With co sleeping we just disturb one another. Plus she’s fallen out of bed twice! And it knackers my back.

OP posts:
ichundich · 09/10/2024 03:36

notarisingfan · 09/10/2024 03:33

With co sleeping we just disturb one another. Plus she’s fallen out of bed twice! And it knackers my back.

Can you set the bed up differently? We co-slept in a big bed with a mobile bed guard on his side. DH moved to another bedroom for a while, but it was worth it.

RoundAgain · 09/10/2024 03:39

Hi OP,

I'm really sorry you are struggling with this.

FWIW, my DS was like this and he didn't sleep alone until 7 years old, and it's still a struggle now he's a teen. He's diagnosed with special ed needs and is home schooling with EBSA.

Tbh, I don't think there is necessarily an easy answer, but I hear you on how hard it is.

notarisingfan · 09/10/2024 03:43

Co sleeping really isn’t for me. I call it no sleeping. We just disturb one another all night and wake constantly. It also really hurts my back.

sorry to hear that @RoundAgain … very difficult for you.

OP posts:
Mummyoflittledragon · 09/10/2024 03:45

Before you think I’m posting on the wrong thread, please read on. This is about controlled crying vs cry it out.

I am doing a course at the moment led by a woman, who has extensively researched anorexia and whose research helped write the NICE guidelines. So highly respected. On the course we were discussing something called The Reassurance Trap. This concept is the more you reassure the person, the more their anxiety will grow leading you to having to reassure them less it works, escalating the problem.

The course leader brought up controlled crying for babies as an example of The Reassurance Trap. If you scroll down past some of the writing you will see the model of The Reassurance Trap in the book she co-wrote, which is used in the corse. https://newmaudsleycarers-kent.co.uk/wp-content/uploads/2019/01/Worksheet-5.3.pdf

She asked us for experiences and I spoke of mine with cry it out, which was accidental when my dd was about 2 weeks old.
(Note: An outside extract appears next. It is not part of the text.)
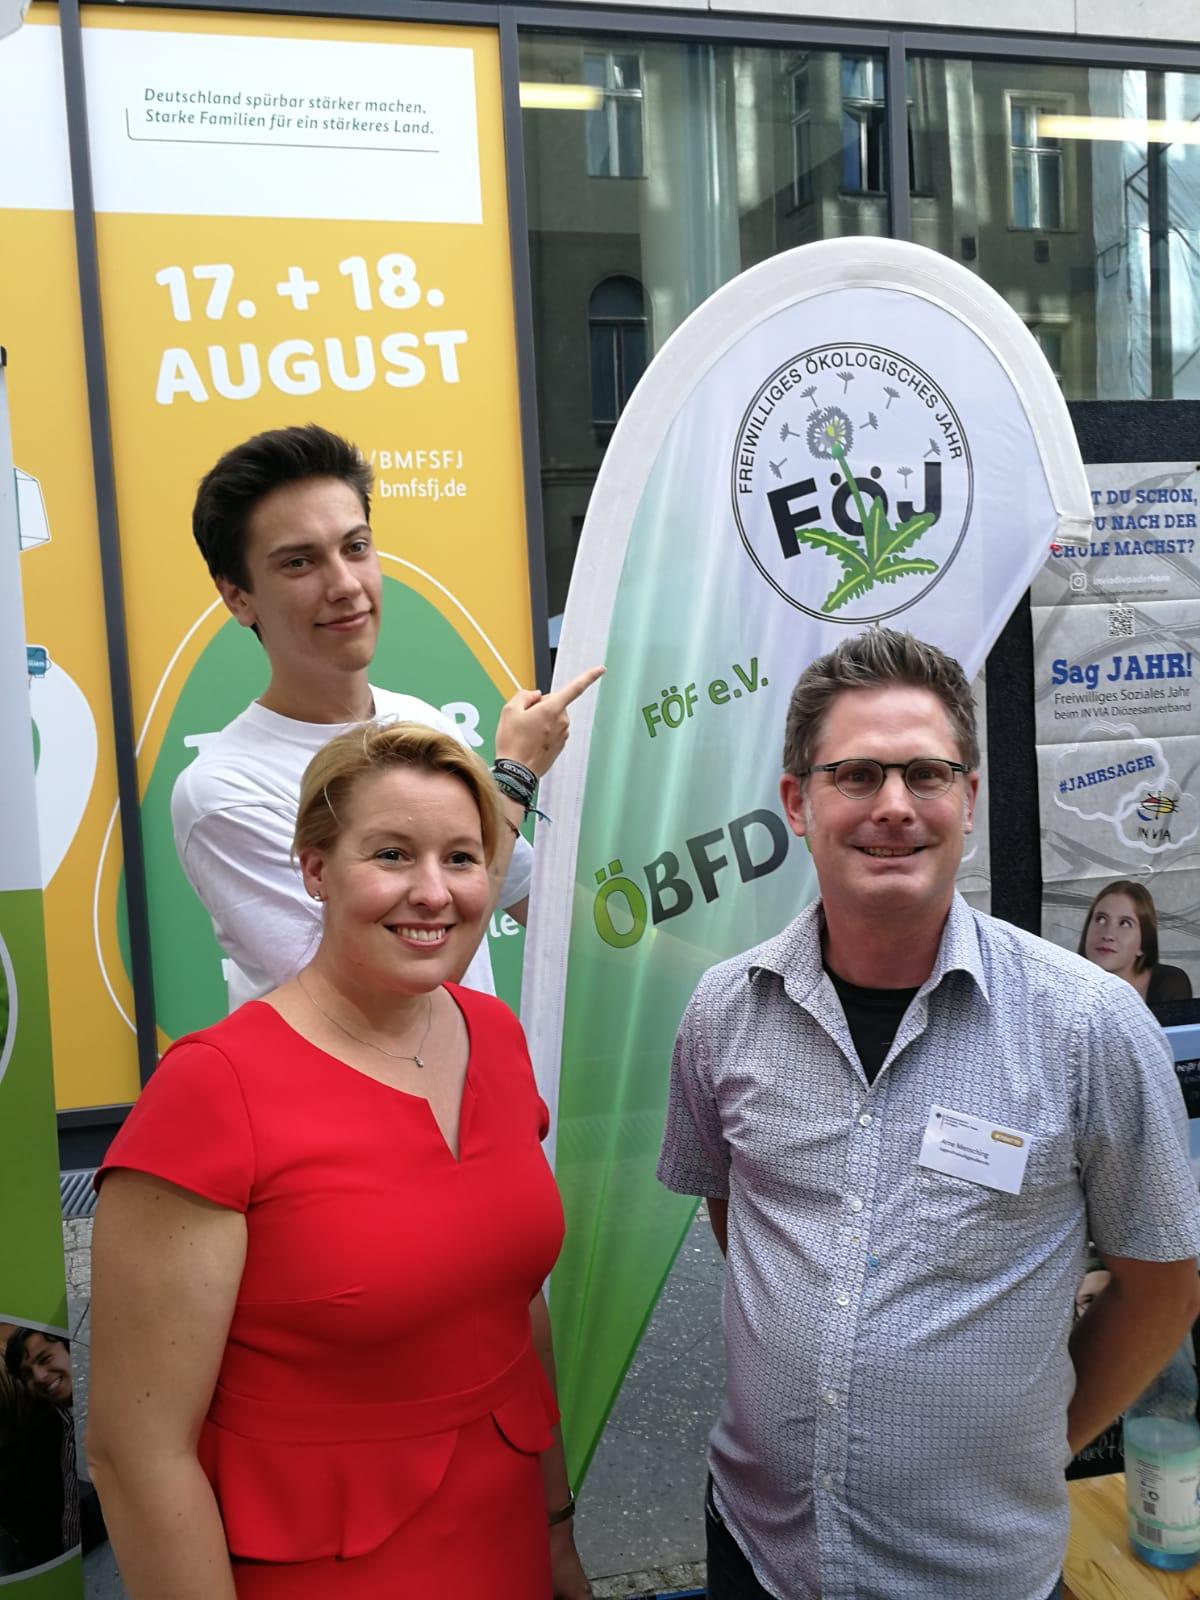 Dr. Franziska Giffey (Bundesministerin für Familie, Senioren, Frauen und Jugend), Arne Mensching (stellv. Vorsitzender FÖF e.V.)
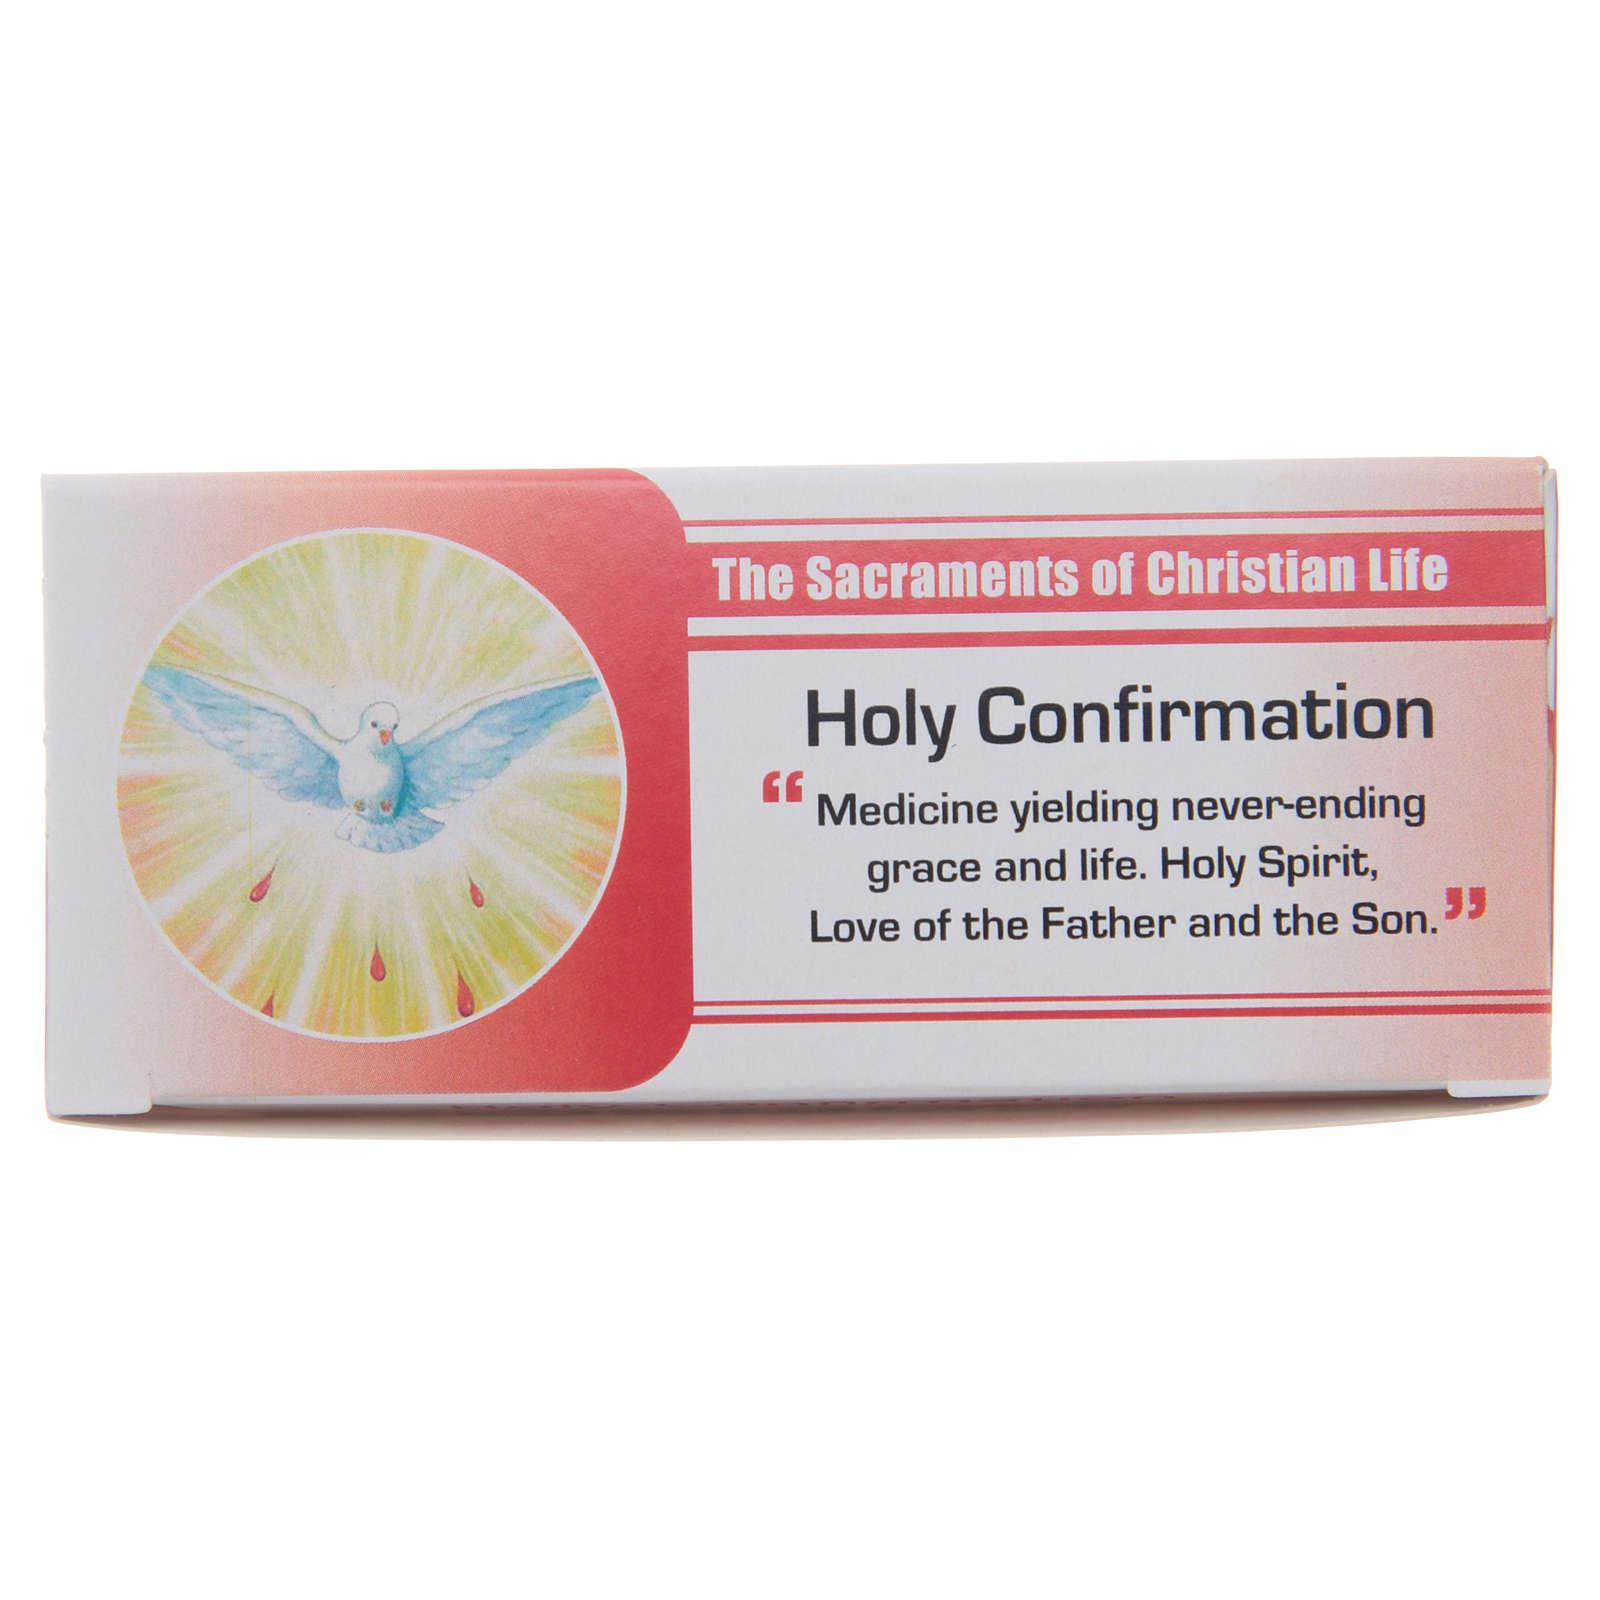 Rosario Sacramenti Vita Quotidiana per la Cresima INGLESE 4

Dd fell asleep and I transferred her to her Moses basket and I went for a very quick shower. She awoke whilst I was covered in shampoo. I sped up and was just getting out of the shower when she went back to sleep. Thereafter I was able to put her down whilst awake. She self soothed for a few seconds and less than a minute before going to sleep.

The course leader’s comment was ‘thank goodness you were in the shower’. I know she’s not a paediatrician. But I’m very pleased I was too. When my dd was older, maybe 17 months she woke in the night as she was ill. When she was better and thereafter, she decided to wake up at the same time every night. Once dd was awake, she’d want to play for hours so this was forming a habit. I couldn’t get her to go to sleep and in the end just went through cry it out. It took 3 nights. Shorter each time. I felt terribly guilty especially as it was thought harmful at the time.

Opinion has now shifted. There is no evidence that cry it out is harmful. https://huckleberrycare.com/blog/cry-it-out-method-aka-extinction-method-is-it-right-for-your-baby So yes, if this is what you want to do, please don’t think you’re harming your baby.

https://newmaudsleycarers-kent.co.uk/wp-content/uploads/2019/01/Worksheet-5.3.pdf

RoundAgain · 09/10/2024 04:00

@Mummyoflittledragon
That really doesn't chime with my experience at all unfortunately. My DS has a very obvious underlying illness in which eating the wrong food causes him all sorts of physical/emotional symptoms. If I had left him to cry it out, he would have been in real trouble.

My own conclusion has been that only the mother/parent/carer can really judge what is going on with the child because (s)he is right there on the spot. I think that generalisations by "experts" who do not have eyes on your own situation can really cause a lot of harm.

I think this is one where "know your own child" is the rule that matters. I kind of suspect that the OP knows what she needs to do and just needs a chat to get her ginger up to do it, so to speak.

In my situation, the opposite was the answer, and I knew my own child and also did what I had to do.